After the pole shift, vegetables can be grown in greenhouses and/or hydroponically. However, we should not wait until after the pole shift to learn about what it takes to make a wide variety of food plants grow. In the next few years, I encourage people to at least grow a small garden so that you can get the basic hands-on experience in this area. After the pole shift you will not be able to walk down to the grocery store for food: You may have to find ways to provide food for your family over an extended gardening period (during times when most gardens are dead from the cold). This technique extends the garden's life and harvest on both ends of the usual gardening season.

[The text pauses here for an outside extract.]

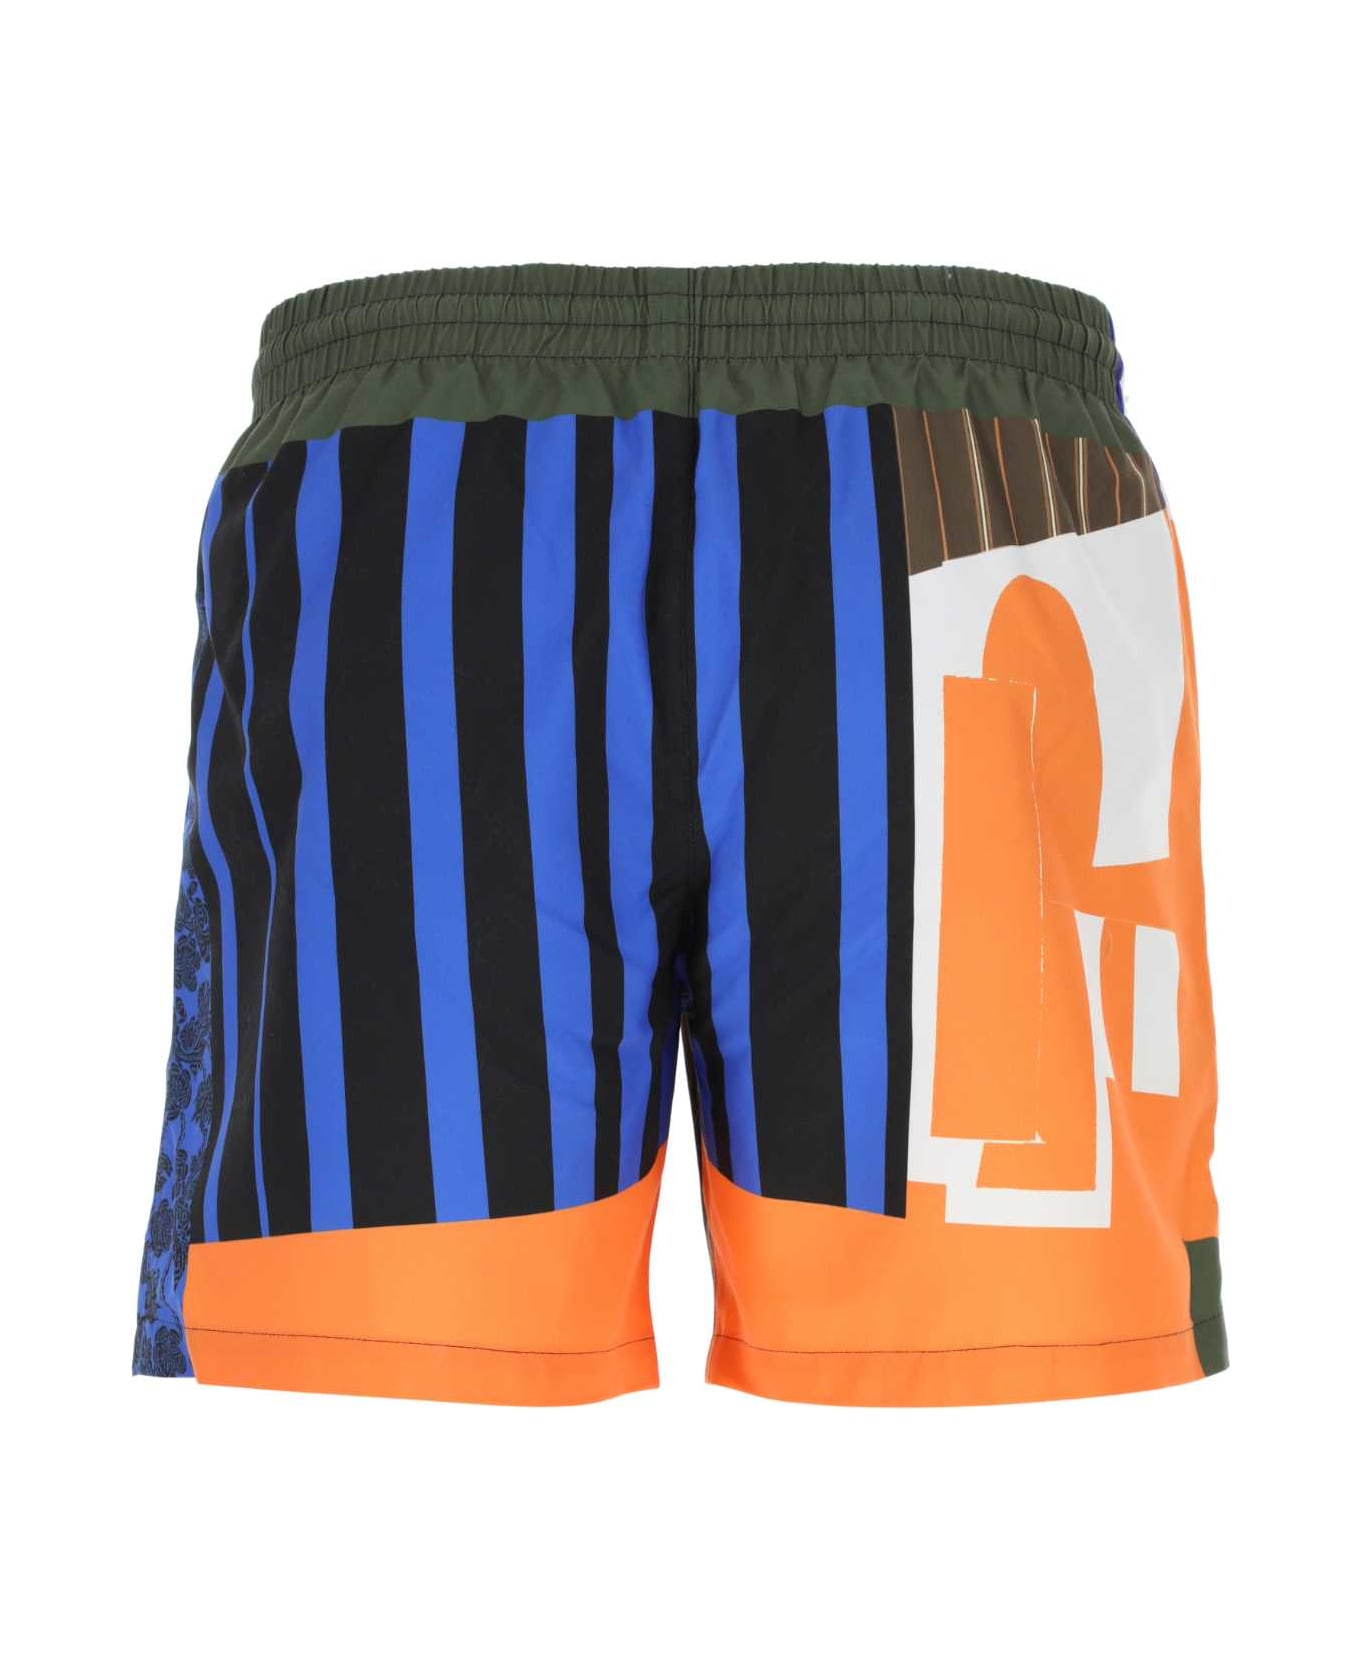 Dries Van Noten Printed Nylon Bermuda Shorts - DESSIN D

This technique is effective in temperate climate, for:
Here in a temperate United States climate where I live, the first killer frost arrives in mid-November. A thick frost will blanket the garden for most days in December through February. However, I garden year- round and provide about 80% of the vegetables for my family of four. My garden consists of twelve beds, 4 feet wide by 30 feet long. I bury drip irrigation lines a few inches below the surface of each bed in the Spring, and the entire area is watered according to my programming via a small, inexpensive, battery operated water-timer.
During the winter I have 4 or 5 beds in production. The way I keep the vegetables growing is by covering each bed with a long igloo like structure, covered with plastic. The ribs supporting the plastic are simply
the 3/4" white PVC pipe, 10 feet long or so, available at any hardware store. It is quite flexible -- stick the ends of the pipe a foot into the ground on both sides of the bed. This makes a half circle. Continue this all the way down the entire length of the bed, putting the ribs 4 feet apart. On top of this you can stretch plastic. Tie the plastic to the pipes by using twine or green plastic plant tape. The final product you've made is a small greenhouse that perfectly covers the growing area for your plants. This keeps the killing frosts off your vegetables and provides many more degrees of warmth -- this is necessary as the goal is to keep the plants' metabolism operating smoothly and continuously, throughout the plants life cycle.
Of course, experienced gardeners know of this technique, so I am not talking to them. But, this is especially for all those who are new to gardening or haven't tried winter gardening: the igloo tunnel is excellent for extending food production through mild winters. And in harsh winter areas, try the igloo method to get a jump on Spring. If done correctly you will be harvesting food a month or two earlier than previous years.